China Cage-Free Working Group introduced to expand cage-free market

Multi-stakeholder group meets to exchange information, make plans for future
calendar icon 23 August 2022
clock icon 3 minute read

Cage-free commitments, conferences and farm standards are significant achievements in China. They promote certified cage-free eggs in the market and enhance welfare practices on layer farms. However, due to limited engagement between different stakeholders, some work may be repeated, information may not be transparent and supply may not align with the demand.

FAI Farms, Integrated Quality Consultancy (IQC) and China Animal Health and Food Safety Alliance (CAFA) initiated the ‘Cage-free working group’ (hereafter ‘working group’) to unite these forces in order to jointly expand the cage-free market in China. On the production end, equipment companies, pharmaceutical businesses, academics, producers and retailers are invited to discuss potential expansion of farms and streamlining the supply chain for cage-free eggs.
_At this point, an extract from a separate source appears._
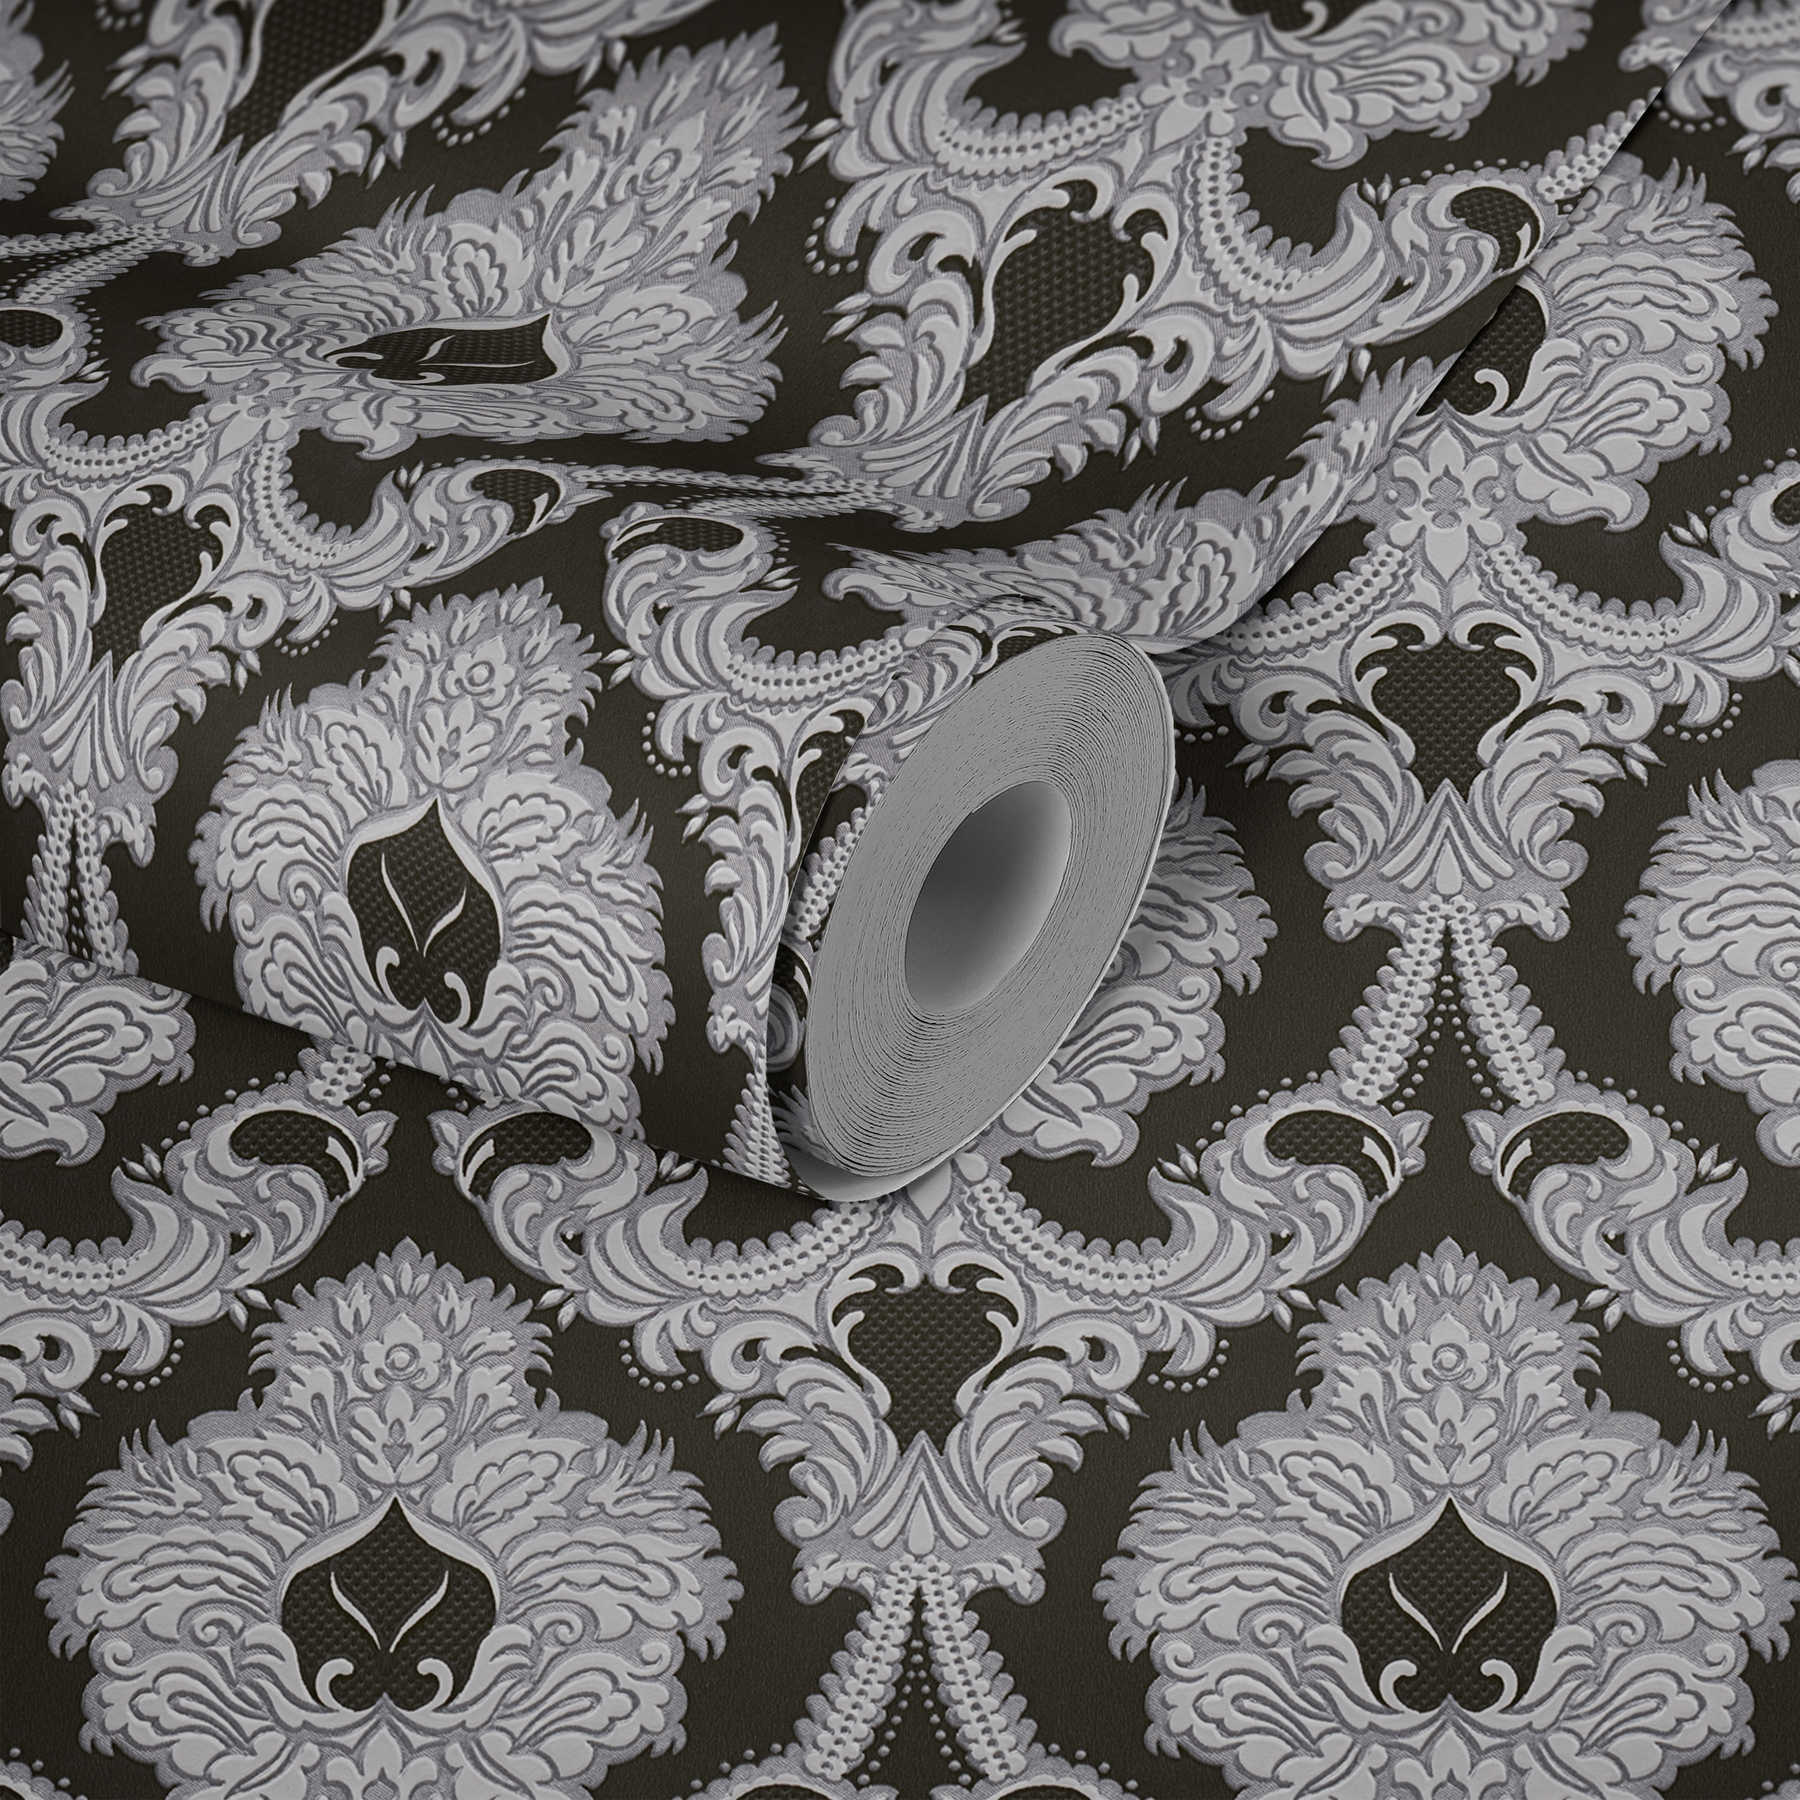             Opulent ornament behang, zilveren accenten - zilver, zwart, wit

On the consumption end, certification bodies, NGOs, consulting firms and restaurants are mobilized to collectively propose strategies to raise consumer awareness and add value to higher welfare eggs. Resources will also be shared among the members to better understand all activities taking place.

The working group is set up as a private WeChat group with more than 20 members. This includes representatives from relevant NGOs, research institutions, consulting firms, pharmaceutical companies, cage-free egg brands, retailers and restaurants. Monthly meetings, online and offline, are arranged to facilitate communication and build relationships between the members. An industry white paper will also be drafted with information provided by the members (to be released later this year). This report will provide an overview of the cage-free industry in China, highlighting development trends in the past, present and future.
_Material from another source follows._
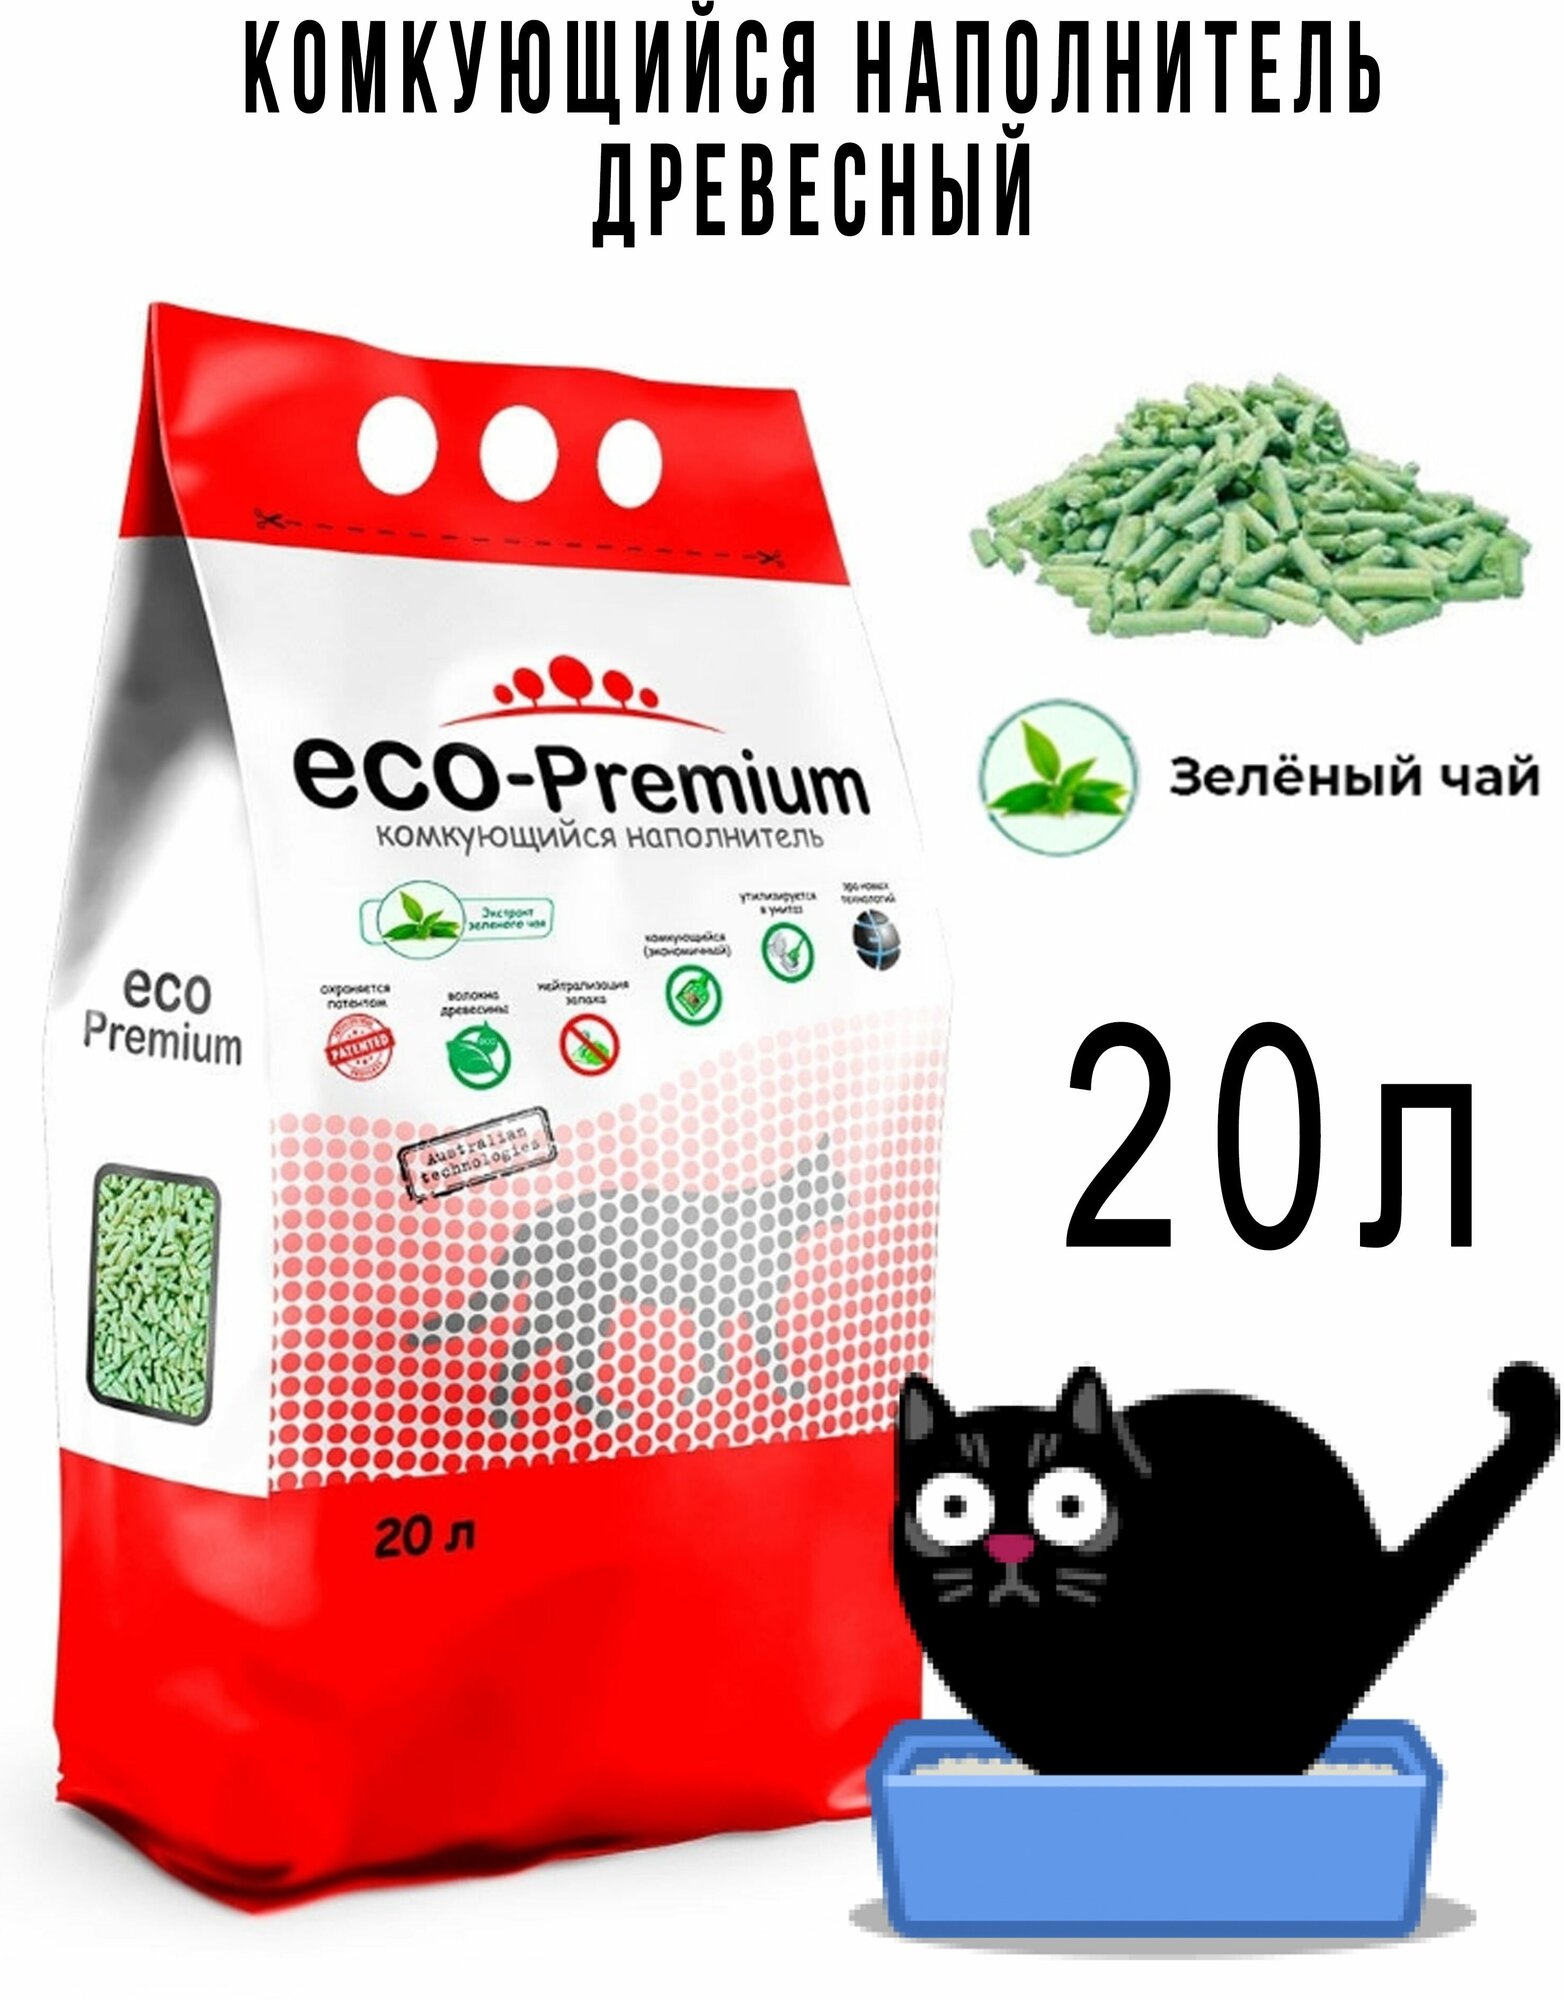 Наполнитель древесный комкующийся, ECO-Premium (Эко-премиум) с запахом зеленого чая, 7,6 кг, 20 л

The first online meeting took place on August 3rd and included three insightful presentations followed by a discussion where members expressed their excitement and expectations for this working group. The presentations summarized cage-free farm policies and development abroad, which was then compared and contrasted to the situation in China. Many cage-free farm systems and animal welfare standards were referenced. Nevertheless, implementing them requires stronger supply chains and consumers that recognize the value of animal welfare. This may be particularly difficult in China where food labels can be ambiguous and complicated. Translated terms of ‘cage-free’ and ‘animal welfare’ are also less familiar to the Chinese public, resulting in potentially more confusion and little trust. Therefore, public education and effective communication would be other critical aspects for cage-free/high-welfare concepts to be acknowledged and appreciated.

After the presentations, members shared valuable perspectives, plans and concerns regarding the cage-free egg market development in China. This discussion primarily revolved around the consumption end, where several members addressed the need to elevate and convey the value of cage-free and high welfare eggs for consumers. Proposed solutions include adding a welfare-specific shelf in supermarkets or ranking cage-free producers. As more cage-free egg farms are being certified by the Humane Farm Animal Care (HFAC) international animal welfare standard, members also hoped that this working group can help increase awareness, credibility and value of such certification among consumers. Bridging ‘cage-free’ and ‘animal welfare’ with other more popular qualities in China, such as ‘safe-to-be-eaten-raw’ or ‘free-range’, were also suggested to reach a wider range and larger number of consumers.

The second meeting is scheduled as an in-person meeting in September. This will bring members closer together and stimulate further plans to be enacted.